Intertwined spirals problem. The intertwined spirals problem is a classification problem [32, 33]. Two spirals coil around the origin of the xy plane, each spiral being defined by 97 points along its length. Given the coordinates xy of one of those points, the goal is to classify it as belonging either to the first or second spirals. The evolved programs return a real value that is compared to the threshold 0 in order to select one of the two classes. The function set is \(\{\tt{+, -, *, /, sin, cos, iflte}\}\) and the terminal set is \(\{\tt{ERC, X}\}\) . Again population sizes are 512, 1,024, 2,500 and 12,500 for 50 generations.

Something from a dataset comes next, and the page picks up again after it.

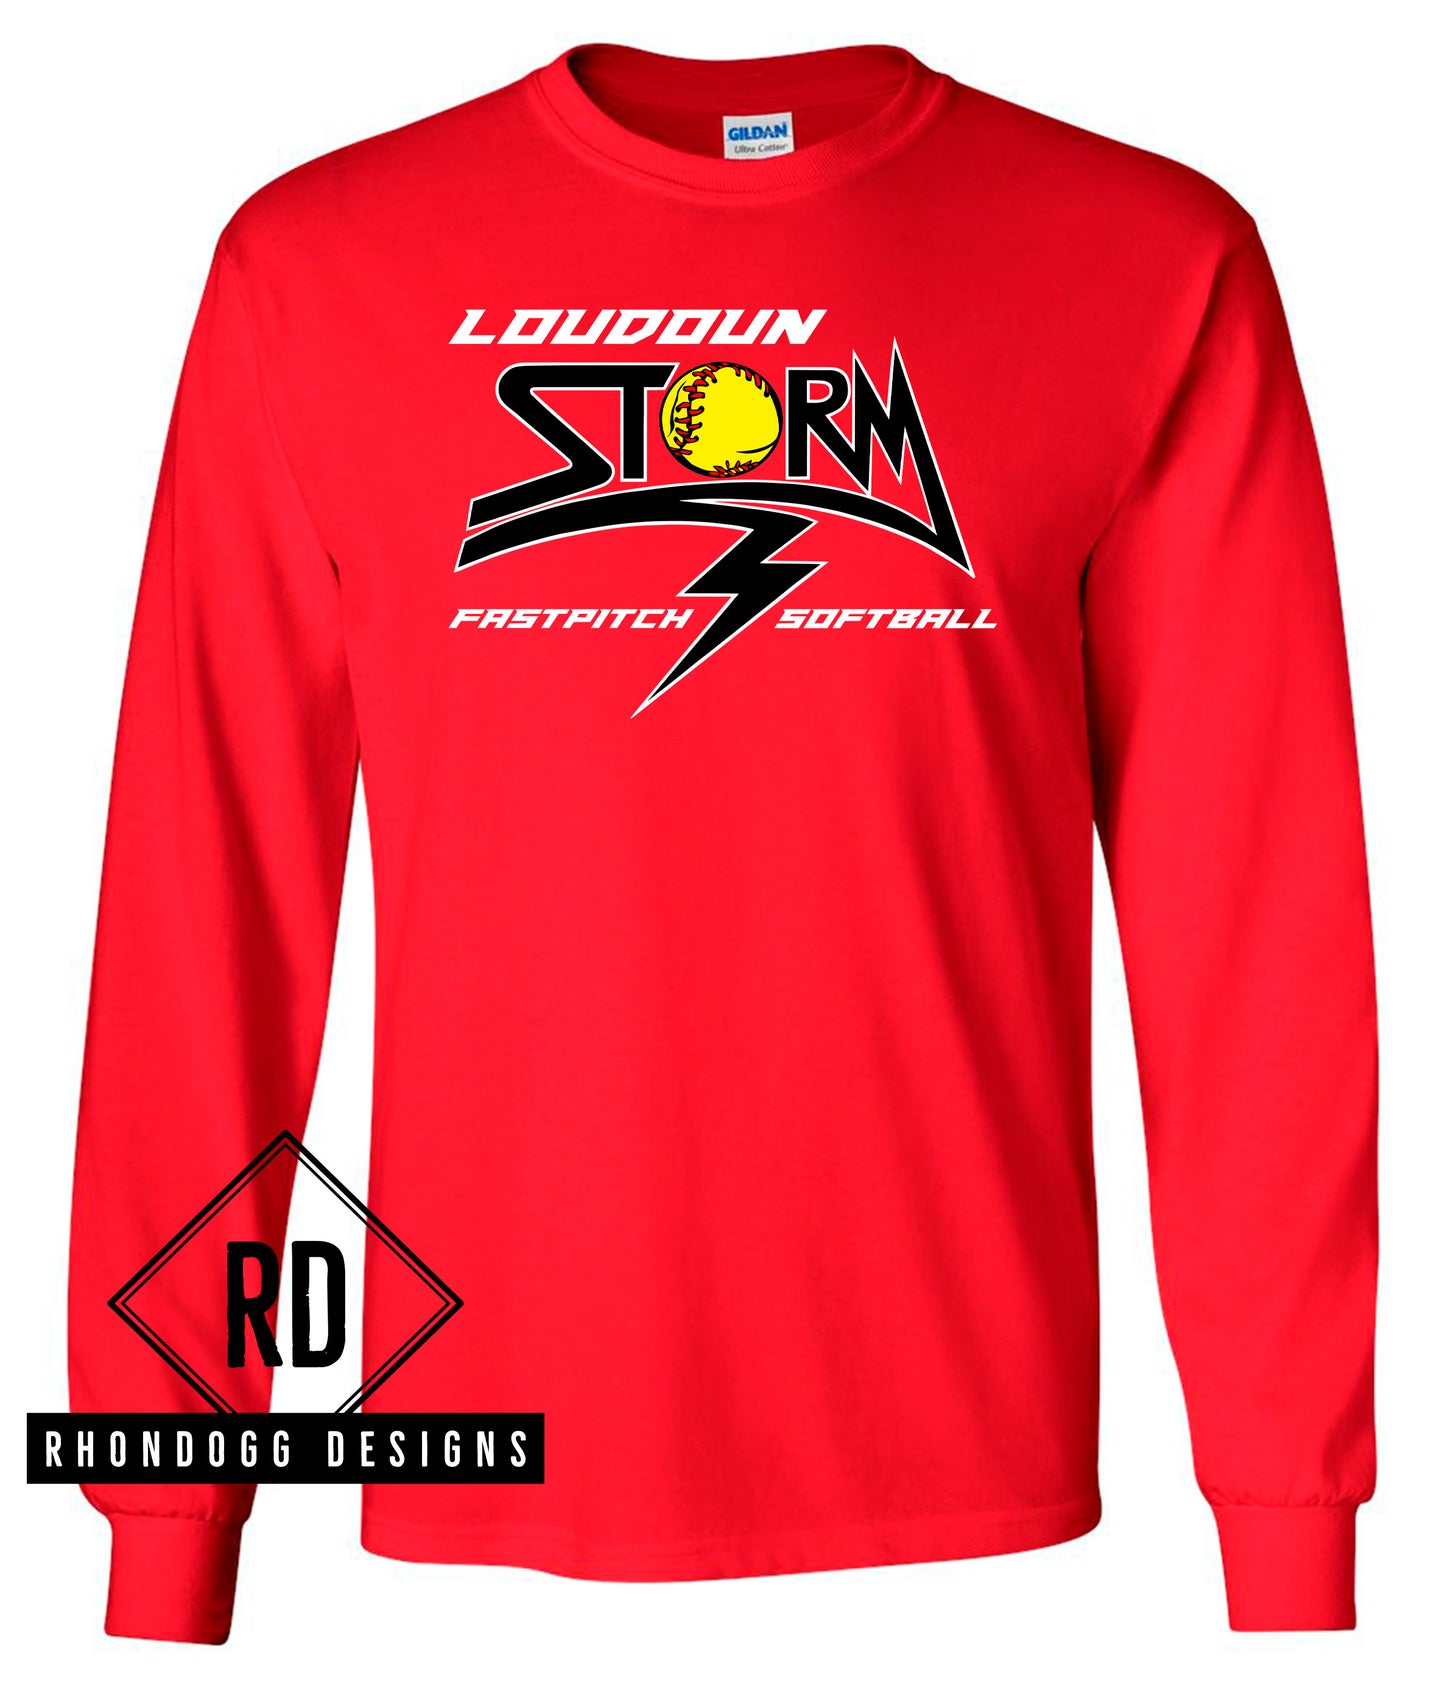 Gildan Loudoun Storm Long Sleeve Cotton T-Shirt

5 Comparing BlockGP and ThreadGP evaluation time

In this part we compare the performance of the two parallelization schemes presented in Sect. 3, BlockGP and ThreadGP, on the three benchmark problems defined above. As breeding and selection phases are not impacted by our parallelization, we perform our comparisons only on the evaluation phase, that includes:

  • translation from tree representation to postfixed code,

  • copy of the translated programs to graphics card memory,

  • evaluation of the fitness cases on GPU.

Fig. 4
figure 4

BlockGP versus ThreadGP speedup for the evaluation phase. On the left, speedup on sextic regression x 6 − 2x 4 + x 2, on the right speedup on 6-multiplexer, 11-multiplexer and intertwined spirals (64, 2,048 and 194 training cases, respectively)

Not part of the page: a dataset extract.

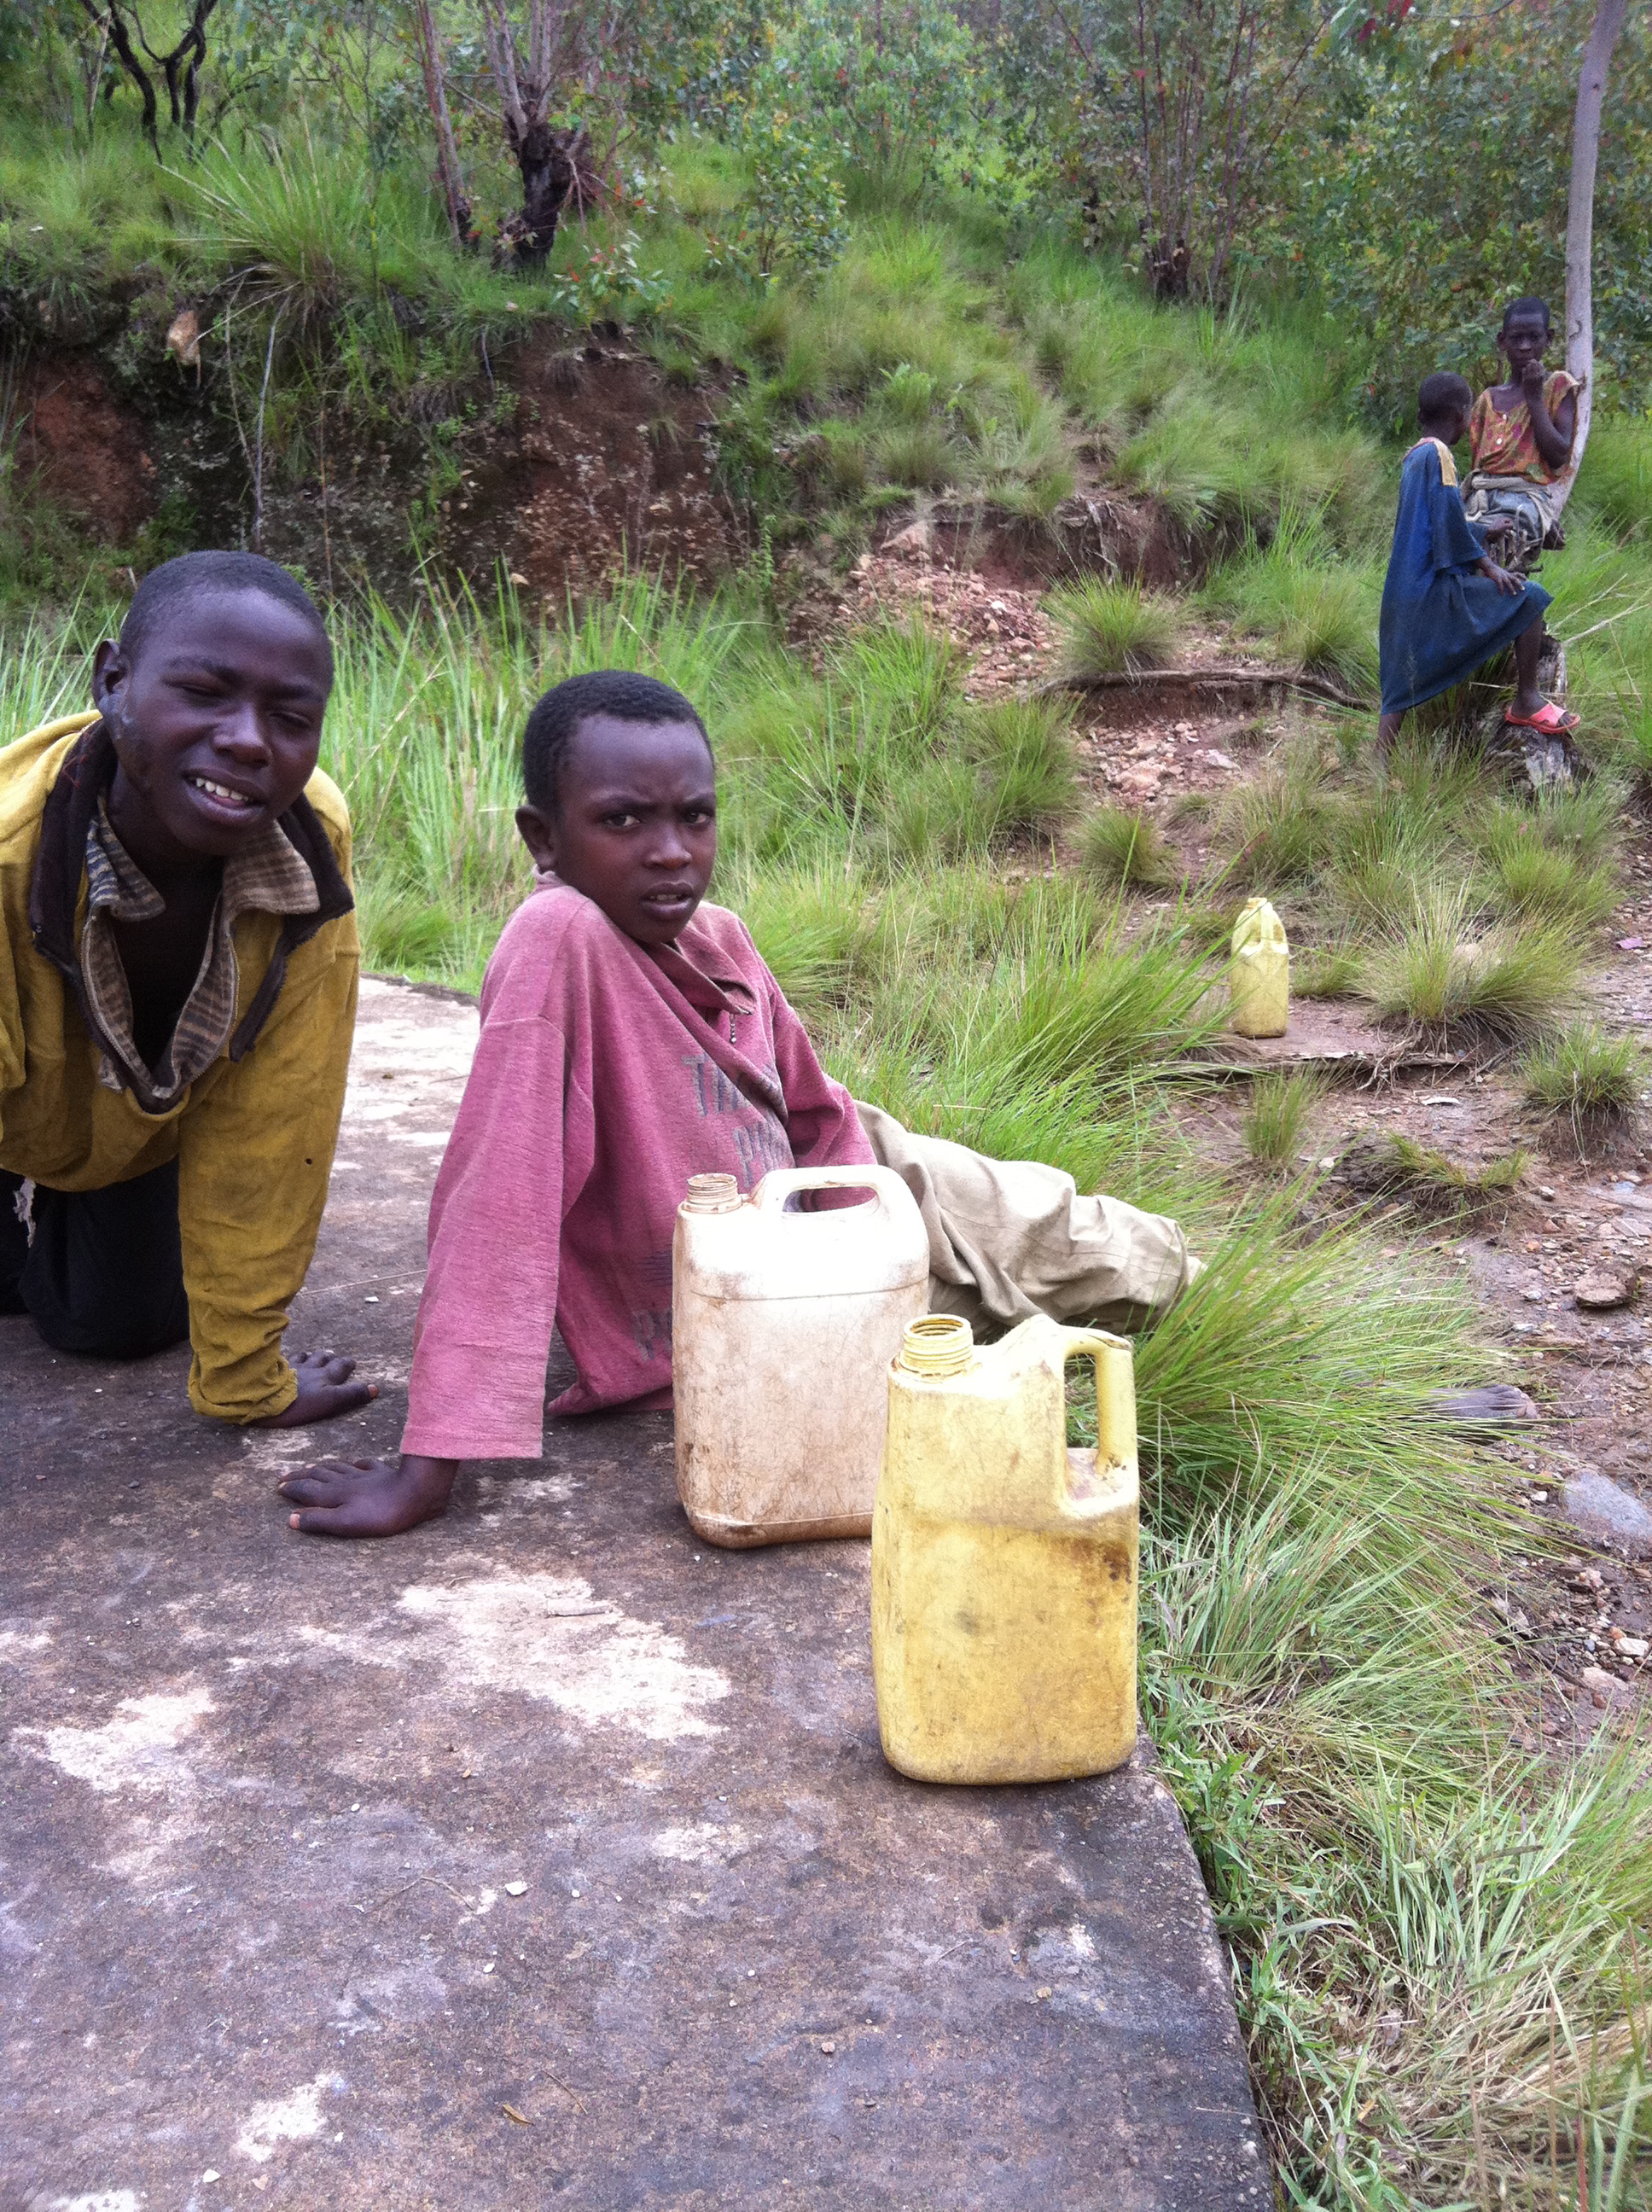  The "Water Carriers" Mugonero, Rwanda

The results are summed up in Table 2. The speedup plots in Fig. 4 illustrate the ratio BlockGP timings over ThreadGP timings, i.e. how many times BlockGP is faster than ThreadGP. Notice that the speedup is always greater than 1, i.e. in all experiments BlockGP outperforms ThreadGP, although the speedup depends on the benchmark and the number of fitness cases.

Table 2 Evaluation time in seconds for runs with one individual per block (BGP) and runs with one individual per thread (TGP)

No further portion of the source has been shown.